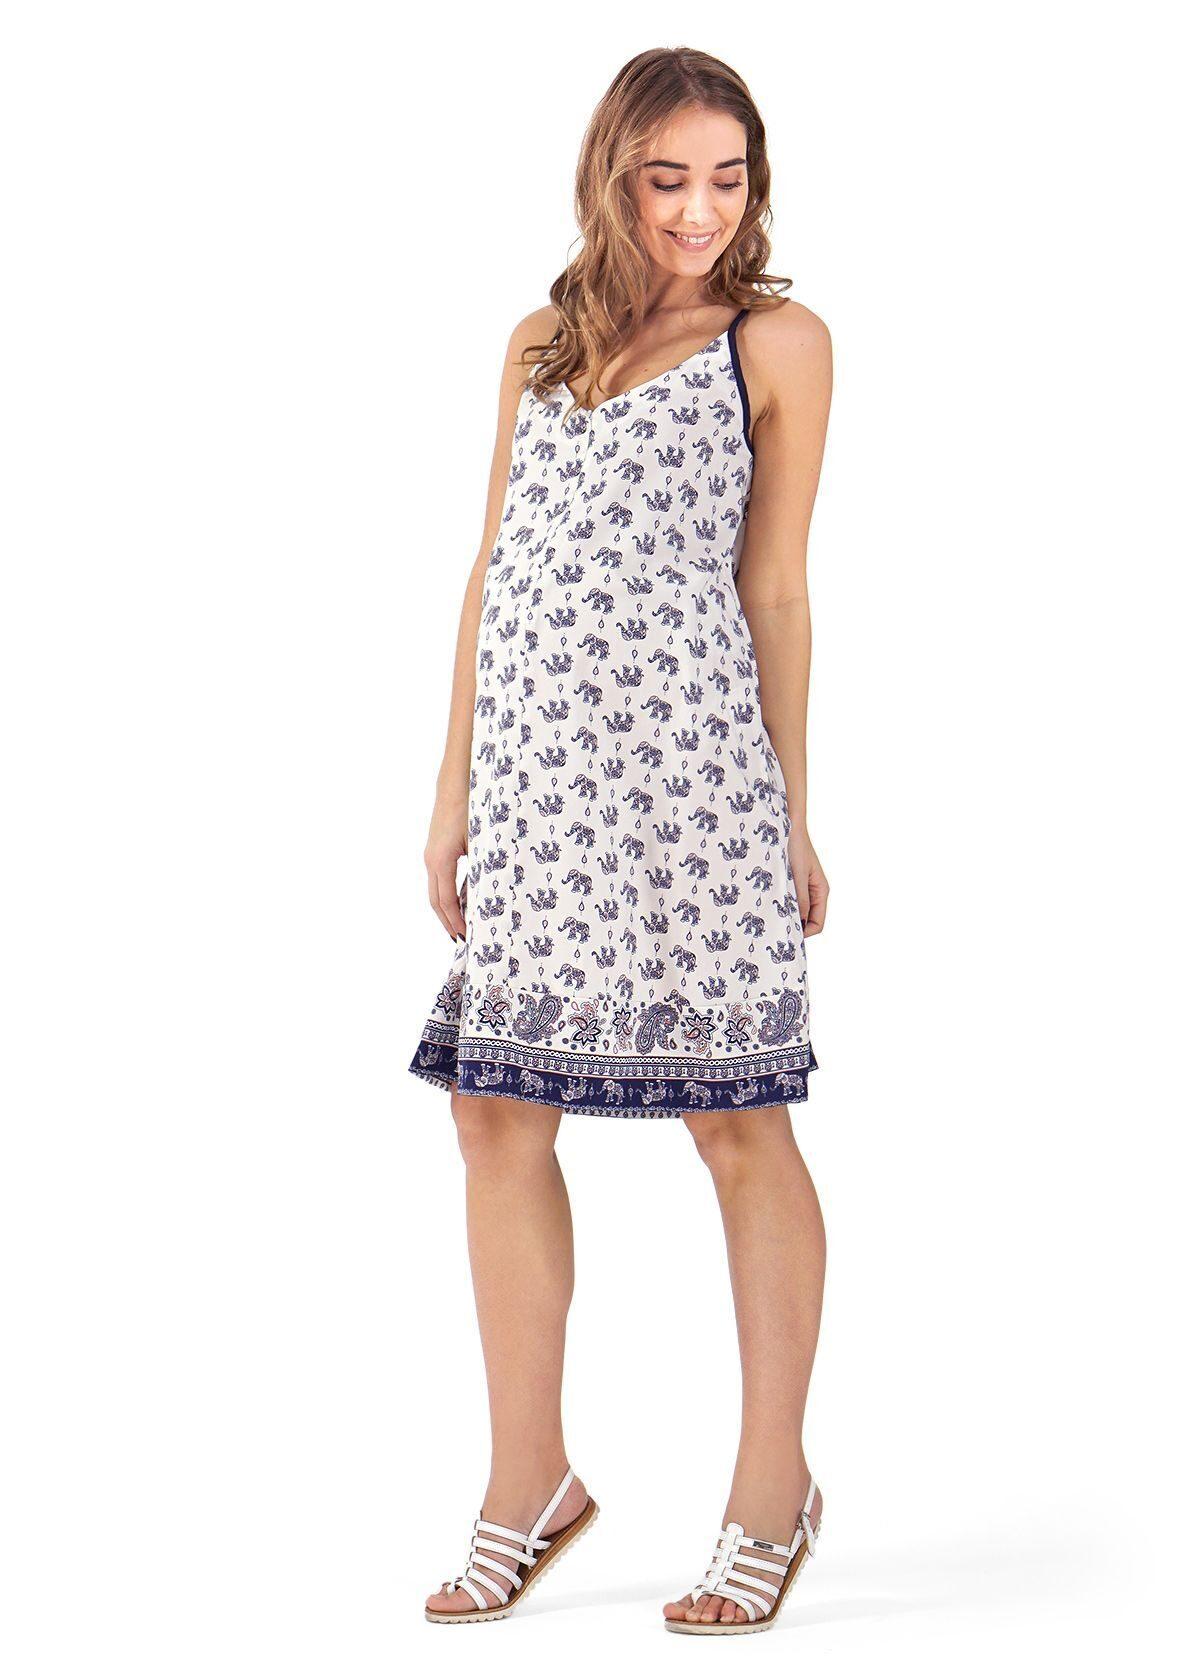 Купить одежду для беременных дешево доставка
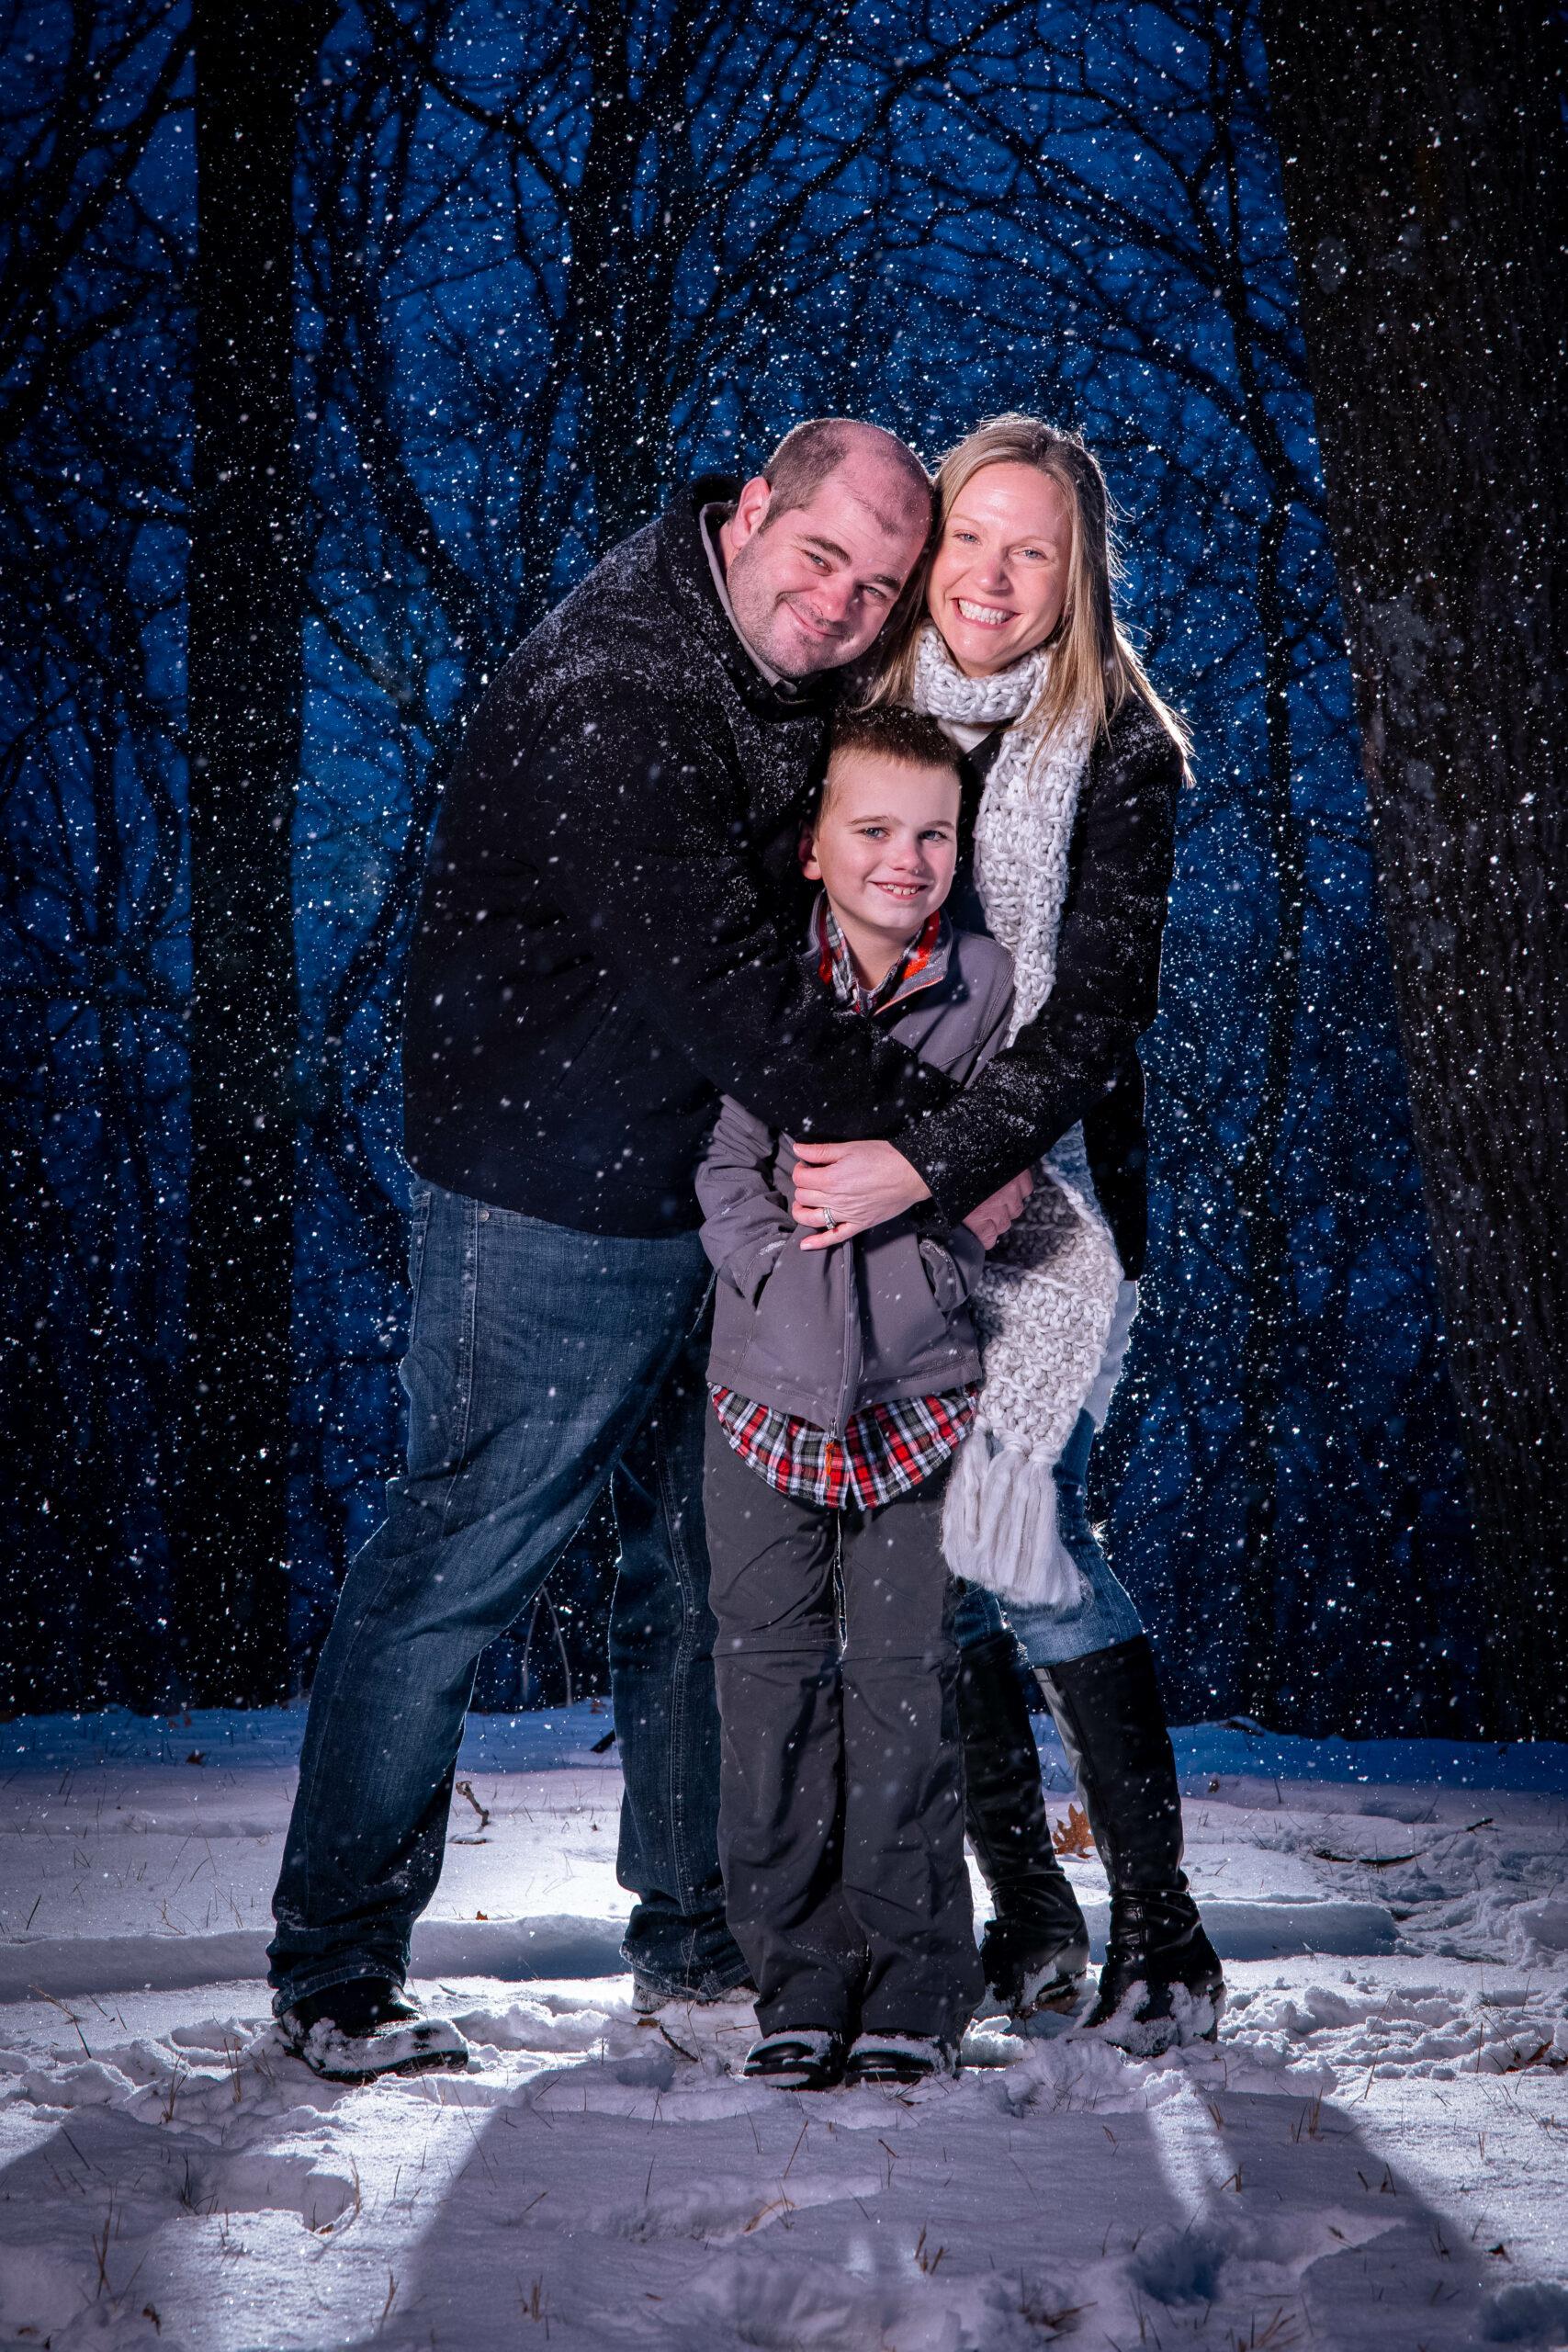 Family Winter Photo La Crosse WI
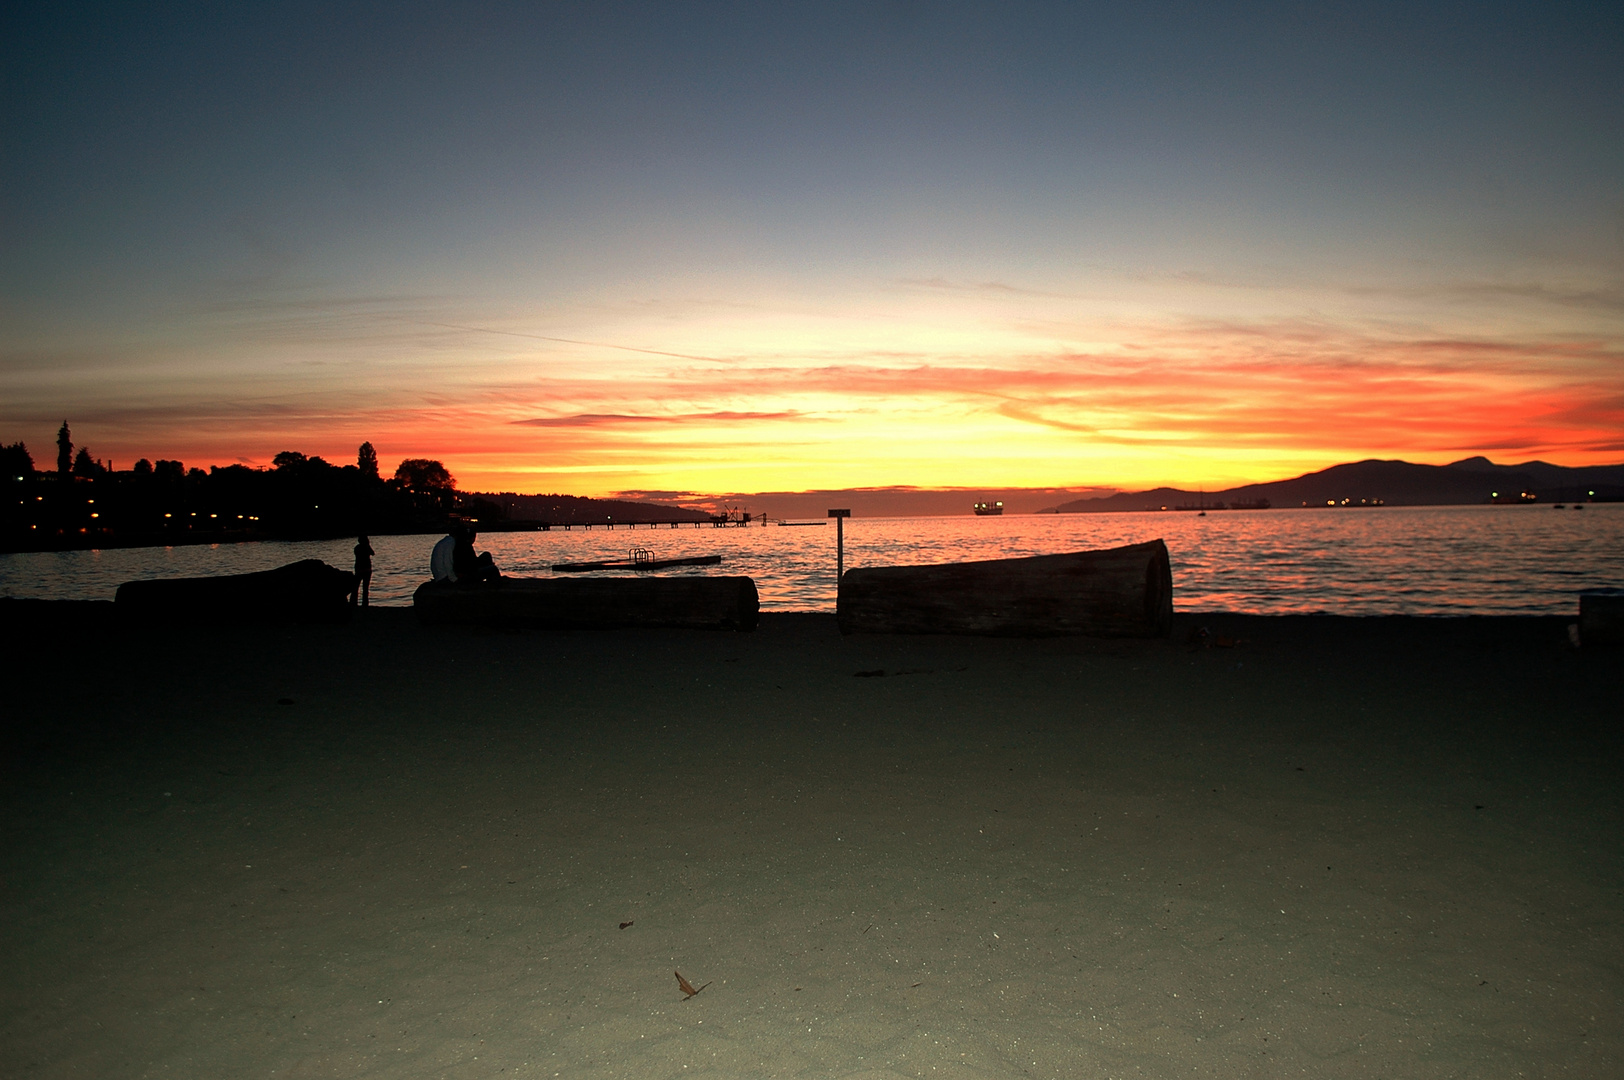 Tranquility - Kits (Kitsilano) Beach
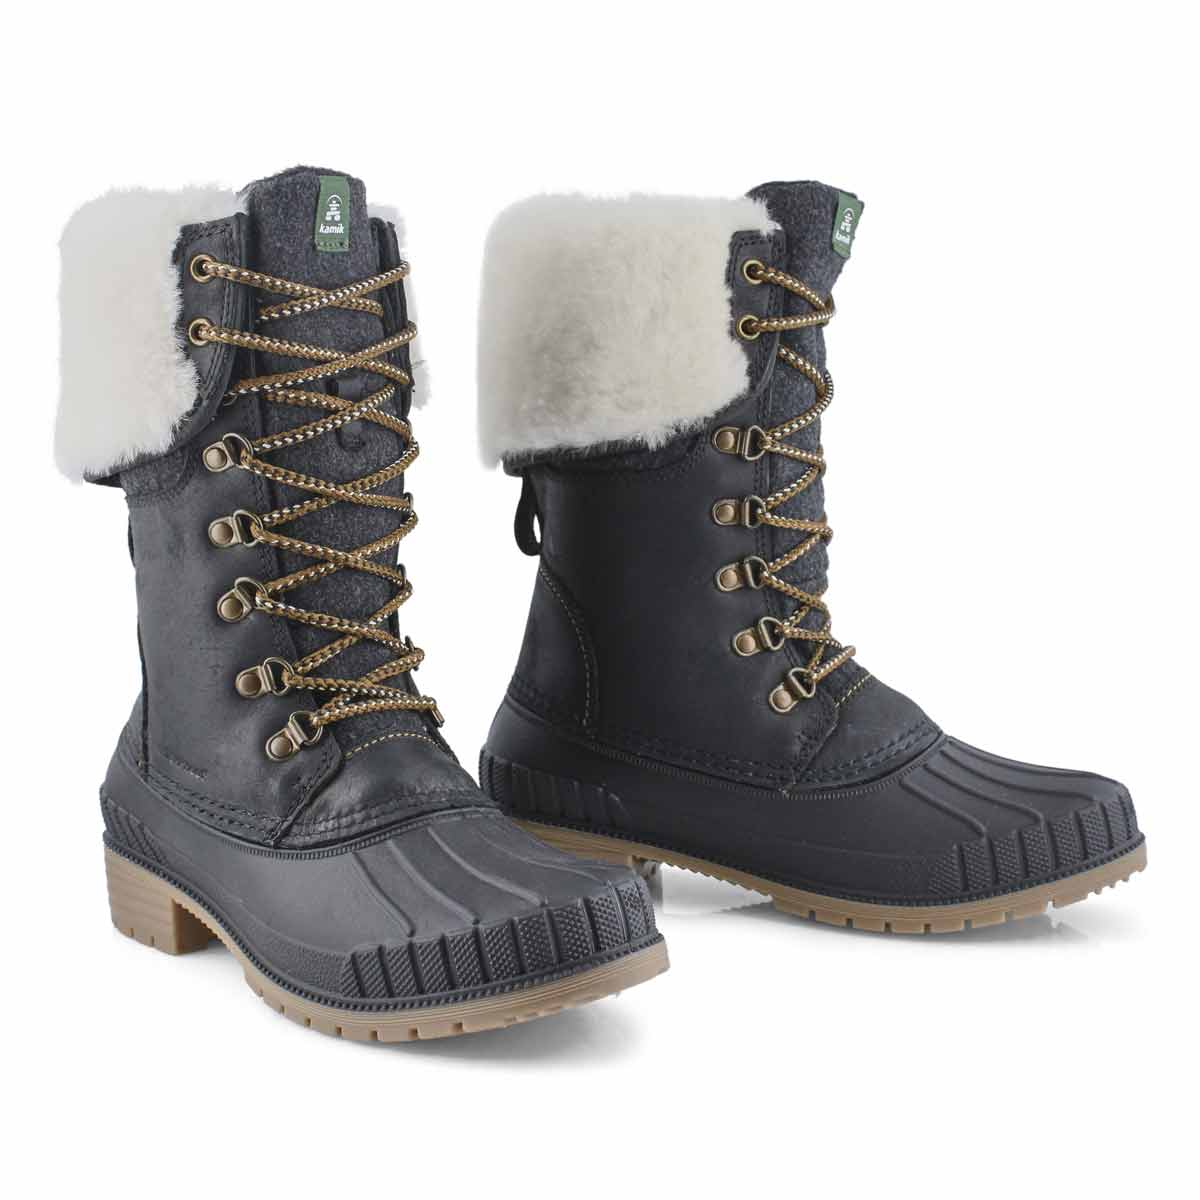 Women's SEINNAF2 black waterproof snow boot

===

▶ **WHAT THE TASK ASKS**
Every word of the data should be reproduced exactly; please omit any pictures.

▶ **RESPONSE AREA**
 Купить одежду для беременных дешево доставка
 Family Winter Photo La Crosse WI
 Tranquility - Kits (Kitsilano) Beach
 Women's SEINNAF2 black waterproof snow boot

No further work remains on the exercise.